I don’t know what you mean, she said.

I mean the gamble, the gamble, he said, beginning to rant a little, he realized, but unable to control himself, I’m talking about taking the gamble, I’ve got to take the gamble, Irene, I’ve got to go out there and see for myself.

You don’t love me, she said.

I love you, Irene, he said, I love you really honey I do love you, but I’ve got to take the gamble. I’ve got to see where it is that everything’s happening out there, I’ve got to find those places I’ve only read about, I’ve got to find them. Honey, I’ve got to live. I m dying. I’ll die. Do you want me to die?

If you leave me, Irene said, yes, I want you to die.

Well, who cares about curses? he had thought. Curses are for old Irish ladies sitting in stone cottages by the sea. He knew for certain that somewhere there were people who consistently won, somewhere there were handsome sun-tanned men who held women like Kruger in their arms and whispered secrets to them and made love to them in the afternoon on foreign beaches, and later played baccarat and yelled Banco! and danced until morning and drank pink champagne from satin slippers. He knew these people existed, he knew there was a world out there waiting to be won, and he had set out to win it.

And had lost.

Had lost because Irene had said Yes, I want you to die, and slowly he had died, as surely as Feinstein had died (though that was really comical). He had taken the gamble, had thrown everything to the winds, everything, had been laying his life on the morning line for the past year now, had been clutching it to his chest across poker tables for the past year now, had been rolling it across green felt cloths for the past year now, and had lost, had surely and most certainly lost. This morning, he was down to his last twenty cents and squarely facing his inability to borrow even another nickel in this fair city of New York, and so they had put him in a coffin. He had very definitely lost.

Until now.

Now, this moment, he looked at Kruger standing in the doorway of the apartment and knew he still had a chance, knew by what he read on her face, knew that she was the lady he had set out to find on that February day a year, more than a year ago. He could not breathe; he had never stood this close to a dream before.

And then, because dreams never last too very long, a voice from behind Kruger said, “Is that you, boys?” and he looked past her into the room to see the ugliest, most evil-looking man he had ever seen in his life, and he realized at once that Kruger was not a pretty blond lady after all.
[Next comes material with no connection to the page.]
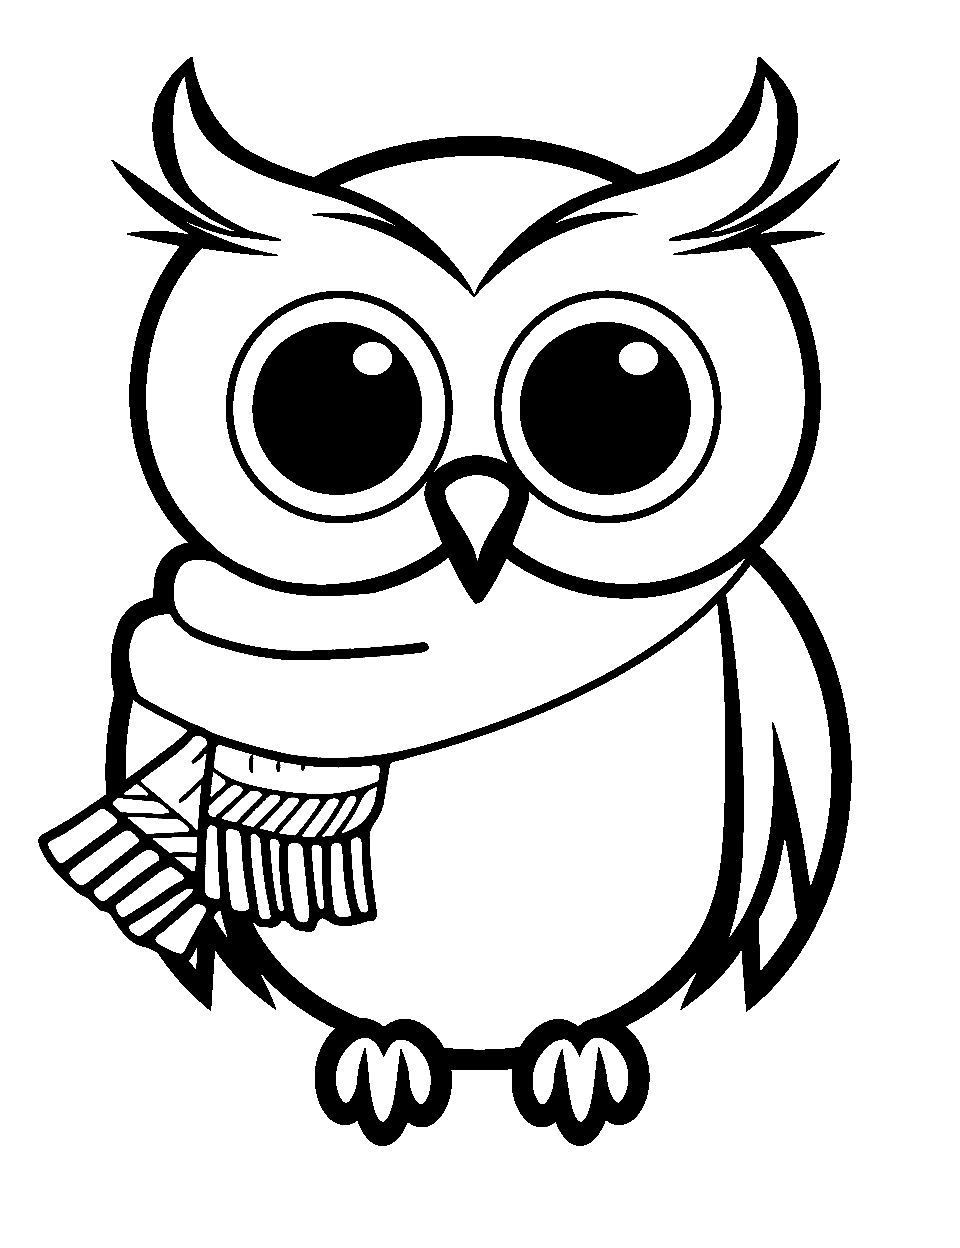 Winter Owl Coloring Page - An owl bundled up in a cozy scarf for winter.

Kruger was instead a two-hundred-and-ten-pound monster who came lumbering toward the doorway in a red silk dressing gown, dirty black fingernails, hair sticking up on his head and on his chest and growing like weeds on his thick arms and on the backs of his hands and over his fingers. This is Kruger, he thought, and if you don’t tell him where the money is, he is going to throw you to his crocodiles. You lose again, Mullaney, he thought, and the girl said, “Do come in.
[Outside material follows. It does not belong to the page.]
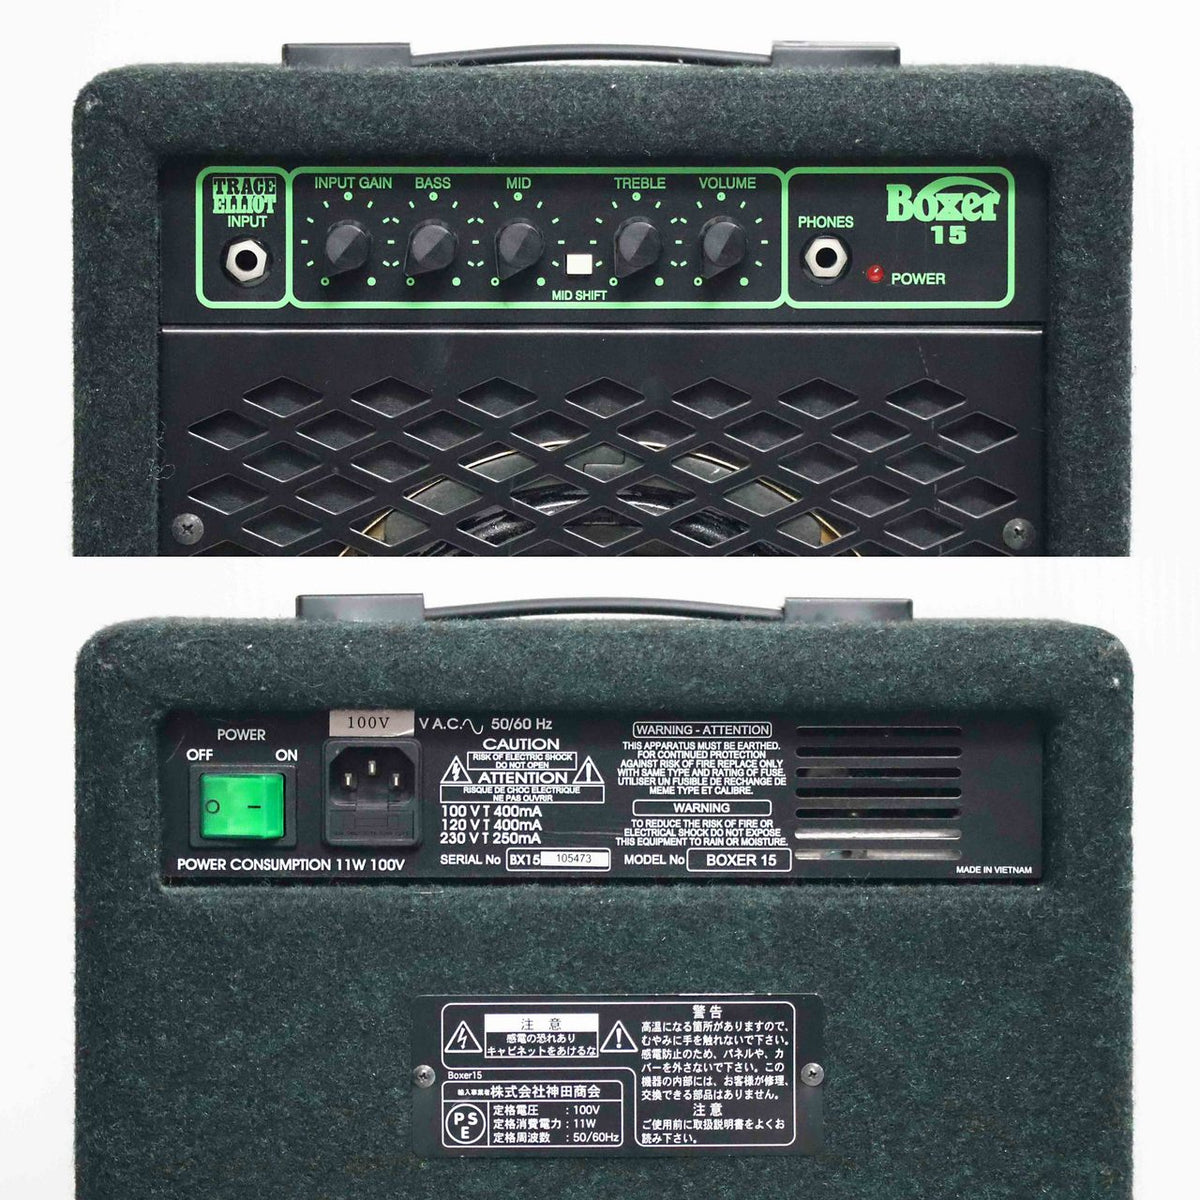 Trace Elliot Boxer 15 Bass Amp (Sealed in Box)

They all went into the room.

He could not take his eyes off the girl. He followed her every movement in terror because he knew that Kruger could bend steel bars, Kruger could breathe fire, and he did not want Kruger to see him sneaking glances at the girl. But the girl kept sneaking glances back at Mullaney, like luck dancing around the edges of a crap table when the dice are running hot and you can’t roll anything but elevens, dancing and tantalizing, and watching him with that strange sweet wistful smile, walking as delicately as though she were in a meadow of mist.